Le mythe de Sisyphe d'Albert Camus

Le mythe de Sisyphe d'Albert Camus (Folio essais, 189 pages, 2018)

Incipit :
Il n'y a qu'un problème philosophique vraiment sérieux : c'est le suicide.
Je ne comprends pas qu'on puisse reléguer Camus à un philosophe pour lycéens. Ce livre a des passages complexes, fait appel à une culture diverses (entre autre grecque) et pas que littéraire (Entre autre Plotin, Kierkegaard, Pascal, Nietzsche). Le thème n'est pas que l'absurde mais si ce thème est central, mais il y a l’existentialisme que d'une certaine manière Camus critique, ce qui, après L'homme révolté, ne fera que creuser l'écart avec Sartre. J'ai regardé quelques vidéos youtube (Par exemple La Grande Libraire, Les vies d'Albert Camus, j'ai abandonné celle de Michel Onfray car la personne qui fait l'interview n'a pas compris ce qu'une une interview, prise de parole longue, questions longues, parle comme si elle était en conversation avec Onfray oubliant le public, s'écoutant parler etc.). Je pourrais extraire une bonne dizaines d'idées fortes. Je ne tirerais que deux, à vous de le lire pour le reste.

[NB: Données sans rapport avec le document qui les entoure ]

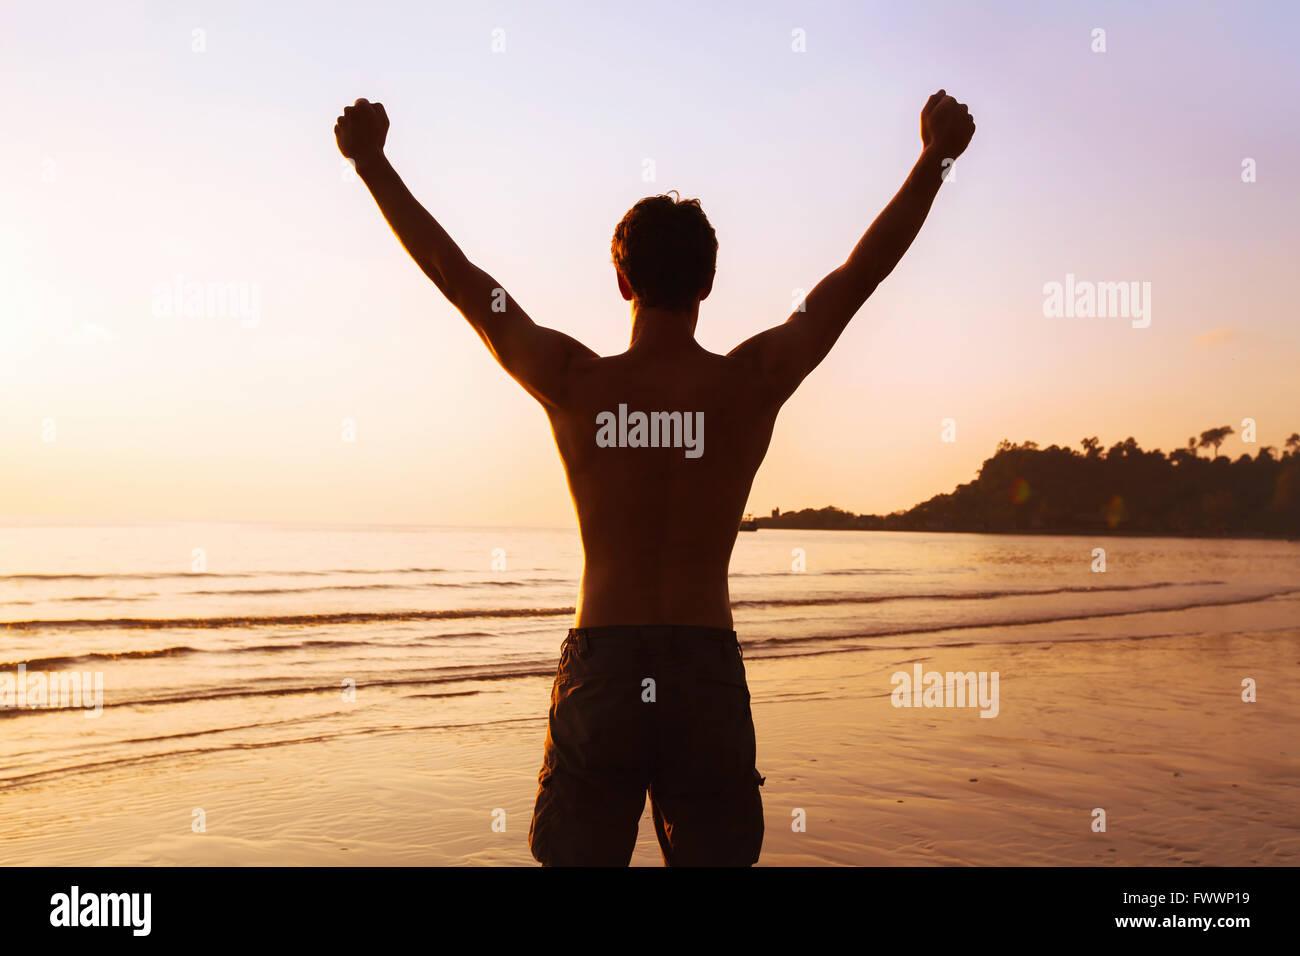 Sport-Hintergrund, Silhouette des starken sportlichen Mann auf dem Strand, Sieger oder Leistung Konzept Stockbild

"Un homme est plus un homme par les choses qu'il tait que par celles qu'il dit". p. 117

"Je laisse Sisyphe au bas de la montagne ! On retrouve toujours son fardeau. Mais Sisyphe enseigne le fidélité supérieure qui nie les lieux et soulève les rochers. Lui aussi juge que tout est bien. Cet univers désormais sans maître ne lui paraît ni stérile ni futile. Chacun des grains de cette pierre, chaque éclat minéral de cette montagne pleine de nuit, à lui seul forme un monde. La lutte elle-même vers les sommets suffit à remplir un cœur d'homme. Il faut imaginer Sisyphe heureux". (page 168).

Note : AAAAAAAAAAAAAAAAAAA

L'exil et le royaume d'Albert Camus

L'exil et le royaume d'Albert Camus (Folio, 187 pages, 2007)

Incipit :
Une mouche maigre tournait, depuis un moment, dans l'autocar aux glaces pourtant relevées.

Un recueil de six nouvelles. Je les ai toutes appréciées à l'exception de la dernière. Avec une préférence sur la nouvelle Jonas, qui me semble assez inspiré de la vie compliquée de l'auteur. Une autre sur l'endoctrinement, si je puis dire, est forte, violente. On y retrouve les thématiques chères à l'auteur notamment l'exil, l'étranger, l'humanisme, la violence, la création, l'absurde, la vie. J'avais étudié au lycée l'une des nouvelles, et ce souvenir était resté ancré en moi. J'ai pris plaisir à les lire (sauf la dernière donc), c'est bien écrit, c'est entrainant. J'aime bien Camus.